BuzzFeed is not a tech company.
It was stylish for a time for digital media companies to paint themselves as tech platforms. That was, often, what venture capitalists wanted to hear. But at its heart, Nguyen considers BuzzFeed a media company, albeit one with strong data and tech chops.
“We’re a media company because that is how we’re known to our consumers and to our advertisers,” she said. “We make media. There’s a false dichotomy that you have to be one or the other. We are a media company; we have a strong technology department. I don’t think being a media company precludes us from having a great tech team.”

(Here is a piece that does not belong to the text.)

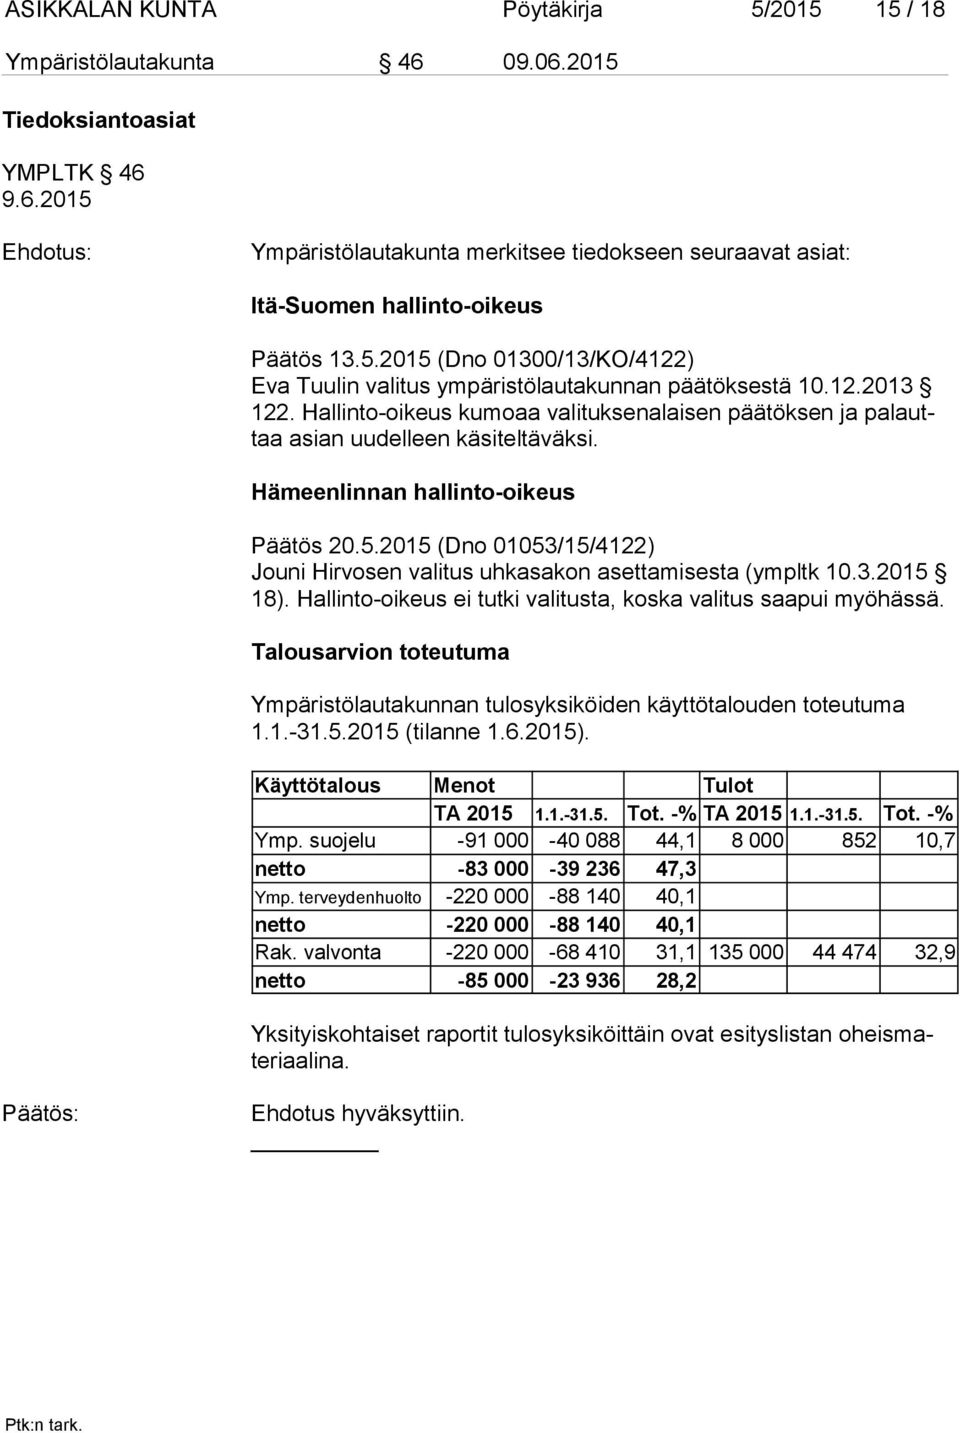 Hämeenlinnan hallinto-oikeus Päätös 20.5.2015 (Dno 01053/15/4122) Jouni Hirvosen valitus uhkasakon asettamisesta (ympltk 10.3.2015 18).

“The process” is what makes BuzzFeed tick.
There’s a myth Nguyen wants to dispel: BuzzFeed does not have clever data scientists telling its writers what’s going to go viral. Data is part of the picture, but not as important as what Nguyen calls “the process.” That’s repeating content, across platforms and geographies, and continuously learning what works and what doesn’t. Nguyen herself created a viral post, “27 Signs You Were Raised By Asian Immigrant Parents,” based off the work of previous posts in the same vein.
“The process is the combination of many things,” she said. “It’s having the data available to you of all the content that’s made; it’s curiosity and a continual learning process.”
Thank a goat prank for the watermelon Facebook video.
BuzzFeed scored the first viral hit of Facebook’s live video when it broadcast people putting rubber bands around a watermelon until it inevitably exploded. Many were baffled this drew more than 10 million views. But it was actually a result of “the process,” according to Nguyen. BuzzFeed video staffers a week earlier played a prank on video boss Ze Frank by filling his office with baby goats on his birthday. They started live streaming on Facebook his office, waiting for Frank to arrive. To their surprise, as Frank was repeatedly delayed, the video gained steam and drew 80,000 viewers.
“It was a shared experience of waiting for something to happen,” Nguyen said. “You knew what was going to happen, but it was shared experience it was going to happen. Once he came in, nobody was interested to see what he’d say about it.”